Confession is Hope

I had to confess my entire life. And change it.

Before I was baptized, I had to give a confession of my entire life. With pen and paper, I spent an evening examining my life up against the seven deadly sins (i.e., gluttony, greed, sloth, lust, pride envy, and wrath). I wrote each transgression down, trying to bring everything to light. “Don’t hold anything back,” a monk in Northern California had told me. “The more you give up, the greater the peace will be.”

I gave my life confession in preparation for my baptism to my spiritual father. Afterwards, he told me that, given the role drinking played in many of the sins I had committed, that I would have a permanent two-drink limit on my alcohol intake. If I couldn’t keep this rule, I would have to abstain for the rest of my life.

The words of my confessor crashed on me like a bucket of ice water. I had gone on my path to the Eastern Orthodox Church knowing I’d have to repent of my ways, but I didn’t know I’d have to change this much. So what if I liked to get good and drunk on the weekend? I had the same “work hard, play hard” mentality I had in college. What were two or three (or four, five, six) drinks after a week of working?
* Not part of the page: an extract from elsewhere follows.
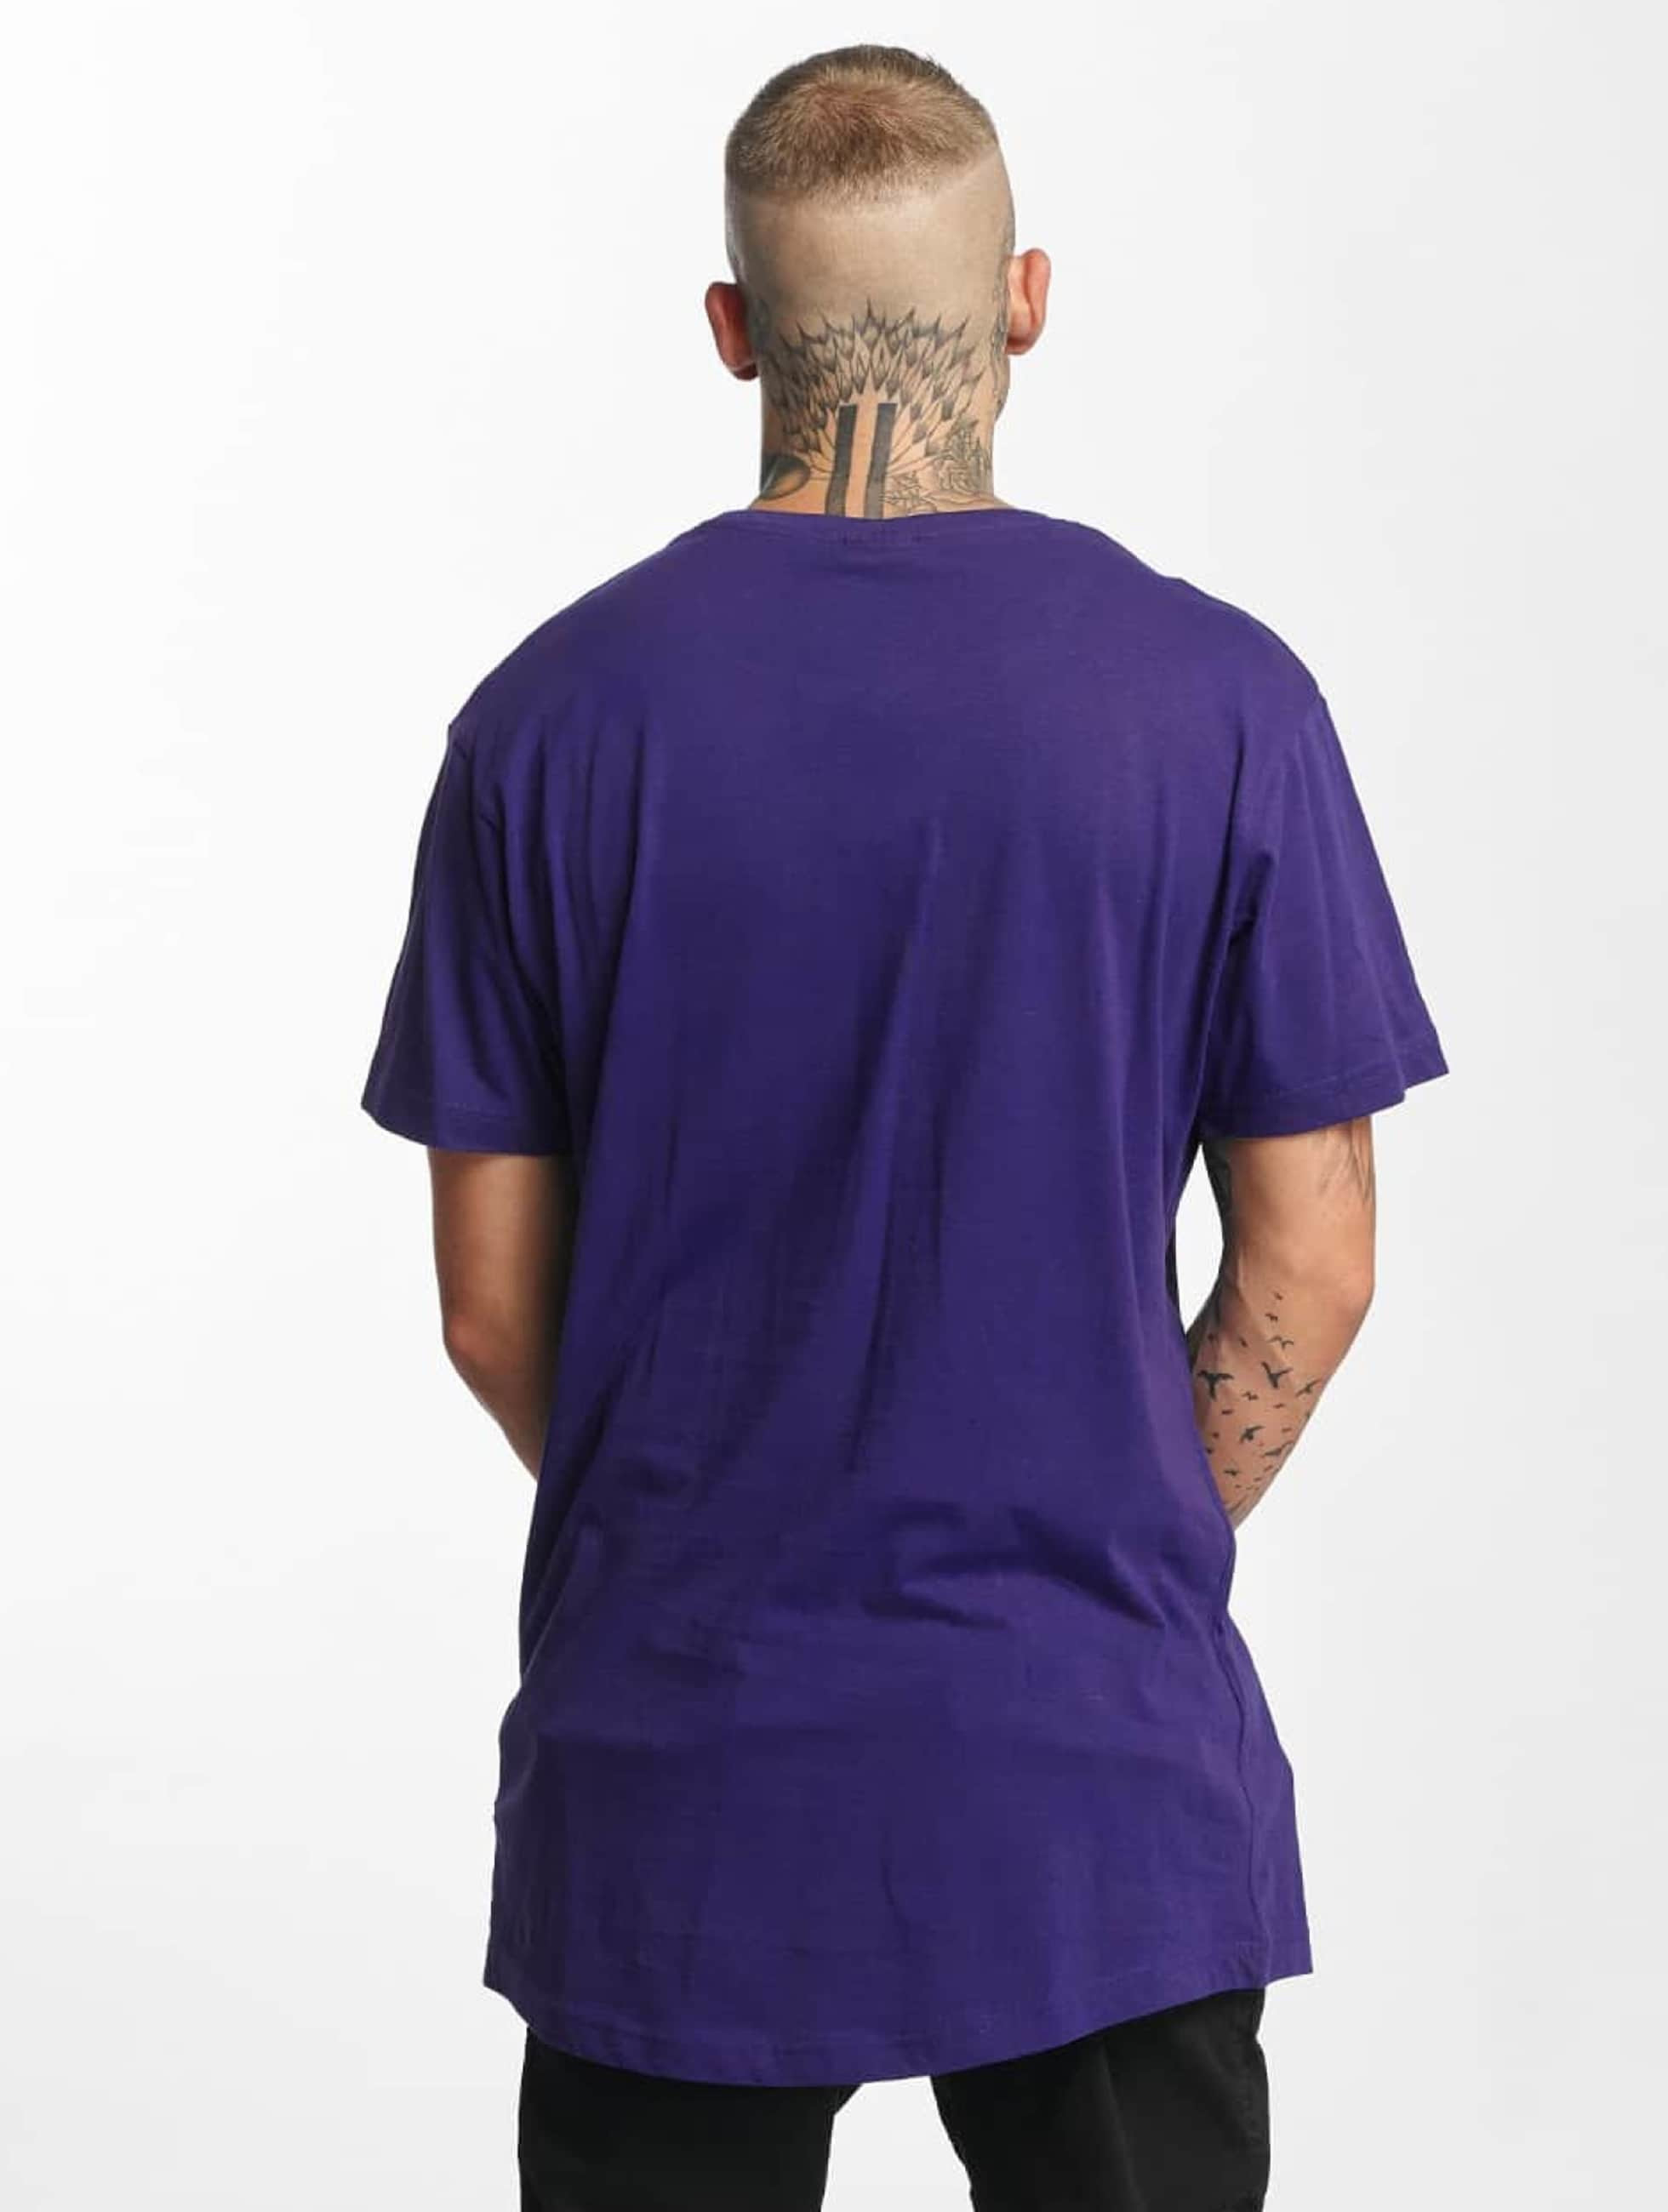 Urban Classics Tall Tees Shaped Oversized Long púrpura
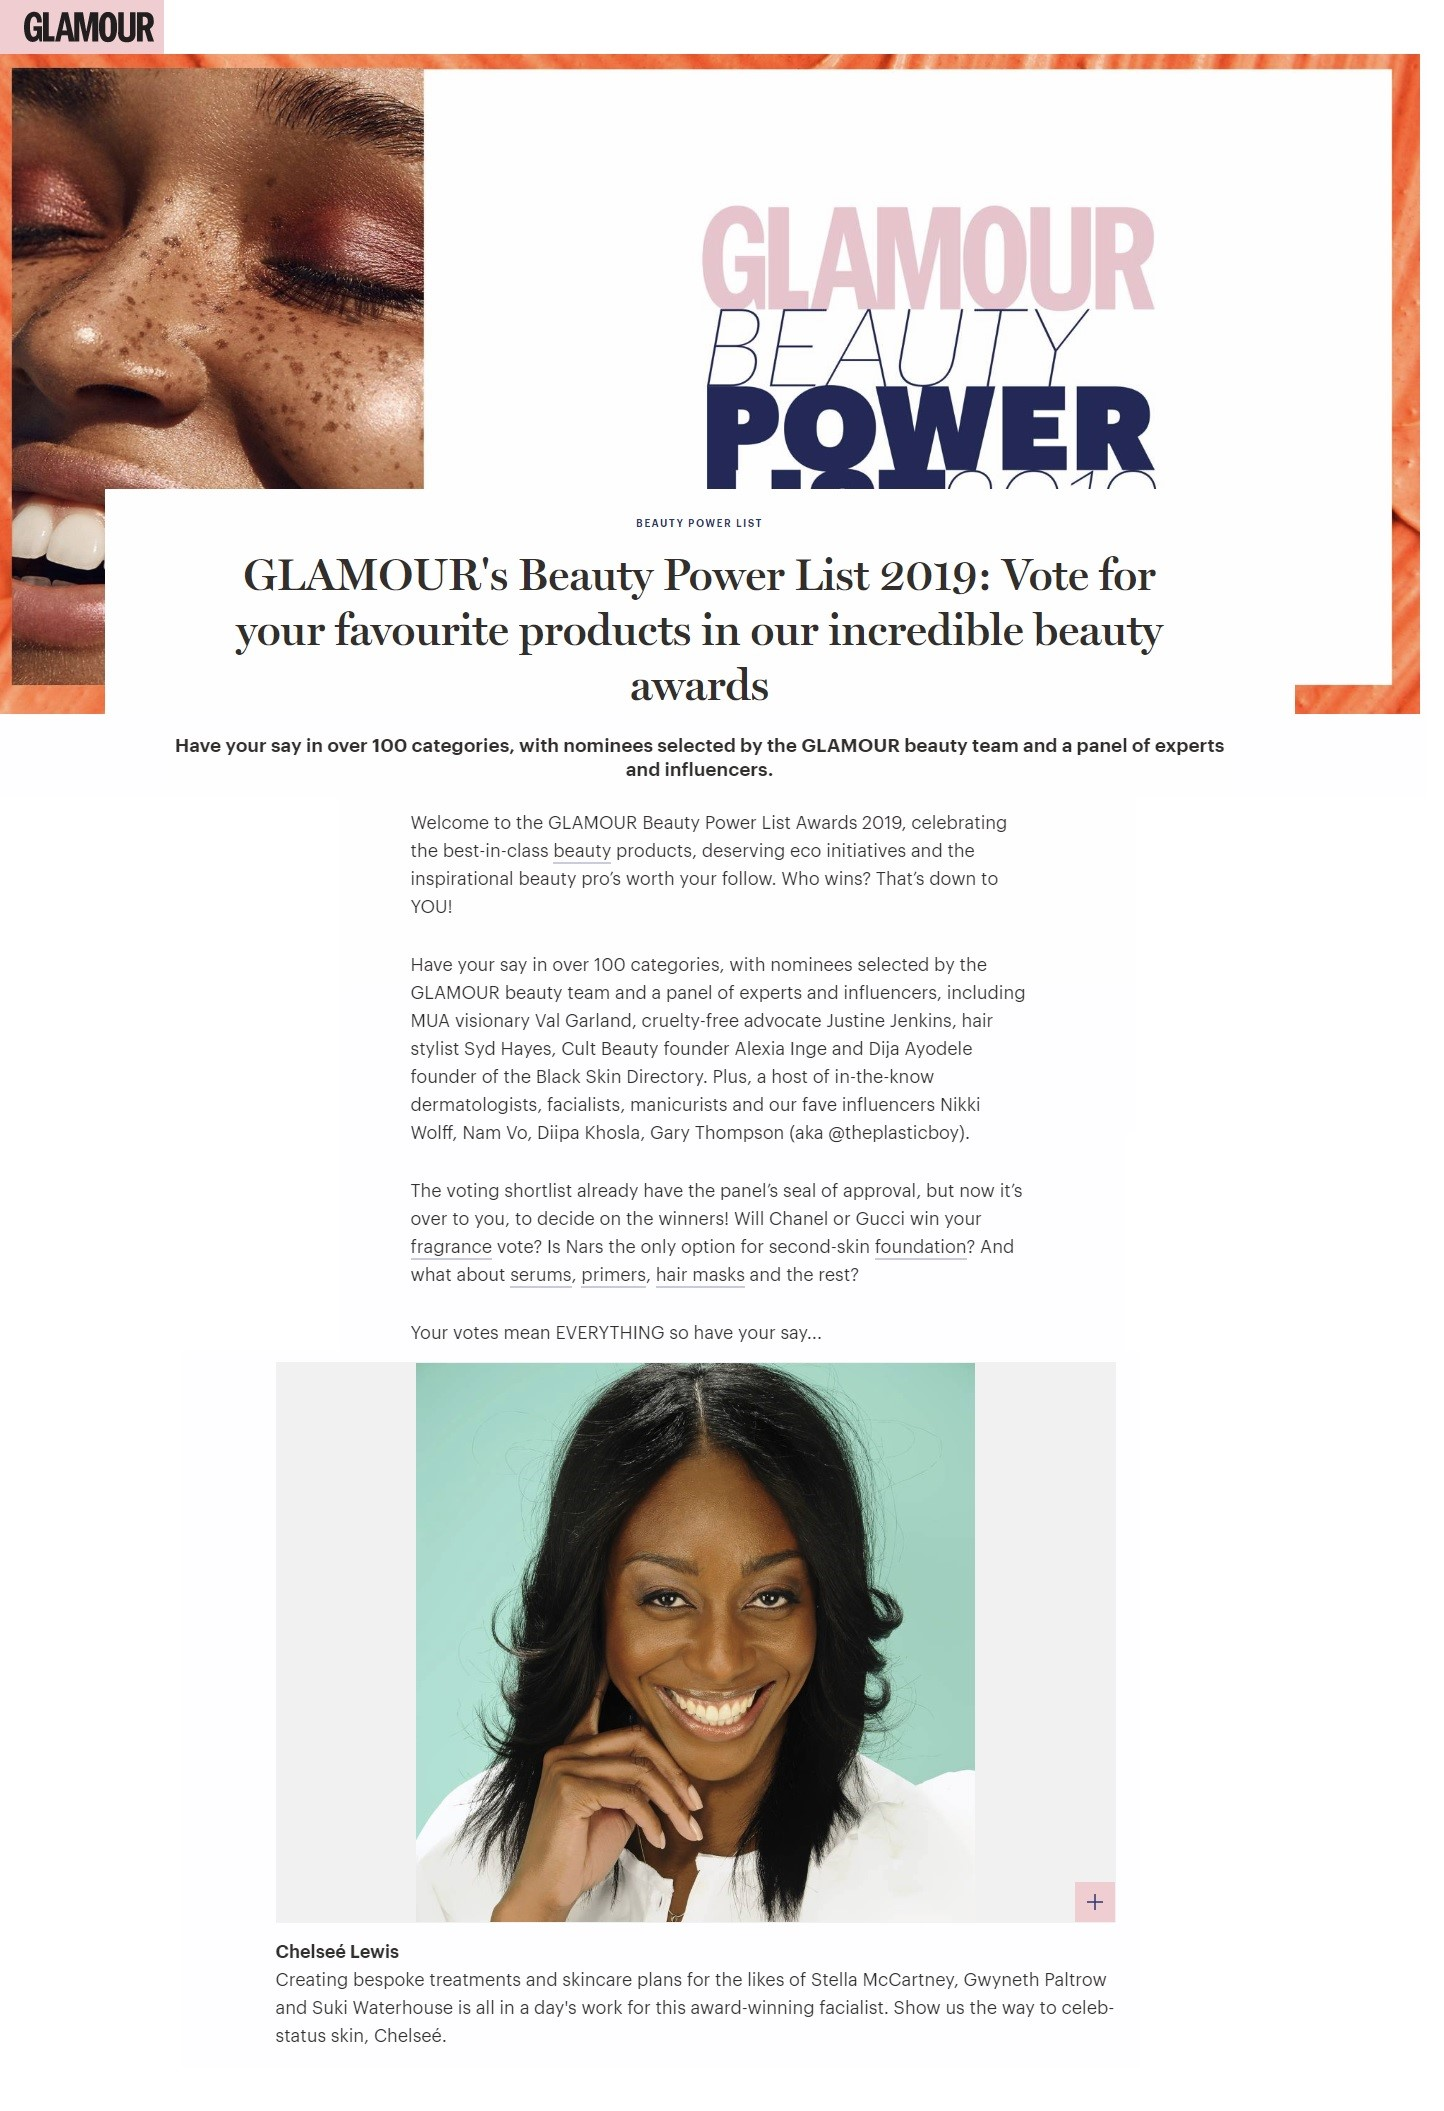 Glamour Beauty Power List

Sure, I had “a few” slip-ups where I drank enough to be ill and not function properly the next day.  In the past, my binges had affected relationships and I’d even injured myself on at least a few occasions, but I didn’t have a drinking problem. After all, I was young — or so I saw it.

After a few weeks of trying to abide by the two-drink limit I came crawling back to confess to my spiritual father that I had been unable to keep the rule given to me. Having a rule clearly laid out for me that I could not keep was a huge dose of reality. I saw for the first time after seven years of over-drinking that the only way for me to repent sincerely was to abstain from drinking entirely.

I do not think I would have ever fully realized the effect that alcohol was having on my life and taken action if not for the sacrament of confession. Individually, humans are quite deluded. I know I am. Incapable of accurately knowing the past or the future and limited to a particular place, they cannot by themselves connect the dots in their lives. As long as I remain isolated and alone I have no guarantees to the accuracy of my analysis. When I confess my sins to God in front of a witness, I have the advantage of someone more spiritually mature than myself taking a second glance and making connections that I missed. It allows me to clearly articulate and see my failings. A long as my sins remain in my heart and mind they remain an amorphous phantom that is prone to distortions, justifications, and exaggerations.

Additionally, saying sins aloud removes any feelings of shame. Self-examination and advice from a confessor is part of the sacrament so that we may repent sincerely and cease to persist in particular sins. However, we go to confession not for self-knowledge but to be forgiven. This absolution and freedom I received is the real gift of confession; a witness confirms that our repentance is sufficient to wash our sins away.   Over the years I had done things that were a source of shame. I was convinced that if I ever said them out loud to another person I’d be immediately rejected. These memories were a continual sense of torment. Saying them all aloud for the first time was certainly an intense experience, but having another person hear them and not immediately recoil in horror was a relief (though I must say after my first confession I was a bit hung up on the two drink limit to fully appreciate it). After my confession, my spiritual father took the paper I had written my confession on and tore it into many pieces. Then he threw it into his fireplace to be burned. It drove home that what I had done, once confessed, was gone and that I was free.

In Great Lent, Fr. Alexander Schmemann once remarked that confession and repentance are often viewed merely as a juridical transaction, an event where we fess up and rebalance the scales. Instead, repentance must be a realization of the profound alienation of man from God as long as he persists in his own self-sufficiency. He writes:

“It is easy indeed to confess that I have not fasted on prescribed days, or missed my prayers, or become angry. It is quite a different thing, however, to realize suddenly that I have defiled and lost my spiritual beauty, that I am far away from my real home, my real life, and that something precious and pure and beautiful has been hopelessly broken in the very texture of my existence. Yet this, and only this is repentance, and therefore it is also a deep desire to return, to go back, to recover that lost home.”

Throughout my drinking, I felt that profound alienation that Fr. Schmemann speaks of. When I hit bottom and realized I could no longer drink, I saw the path home. If it weren’t confession I would not have been brought to that point.

However, it is a journey that is by no means over. While I have abstained from alcohol, there are still plenty of other temptations and occasional missteps. I still sin, but I do not despair.  I still fear rejection and judgment leading up to confession, but my sense of relief after each one continues to grow each time. The shame I feel at my failings is washed away with the hope that comes with repentance. The words of the monk were true; I’ve found at least a little peace.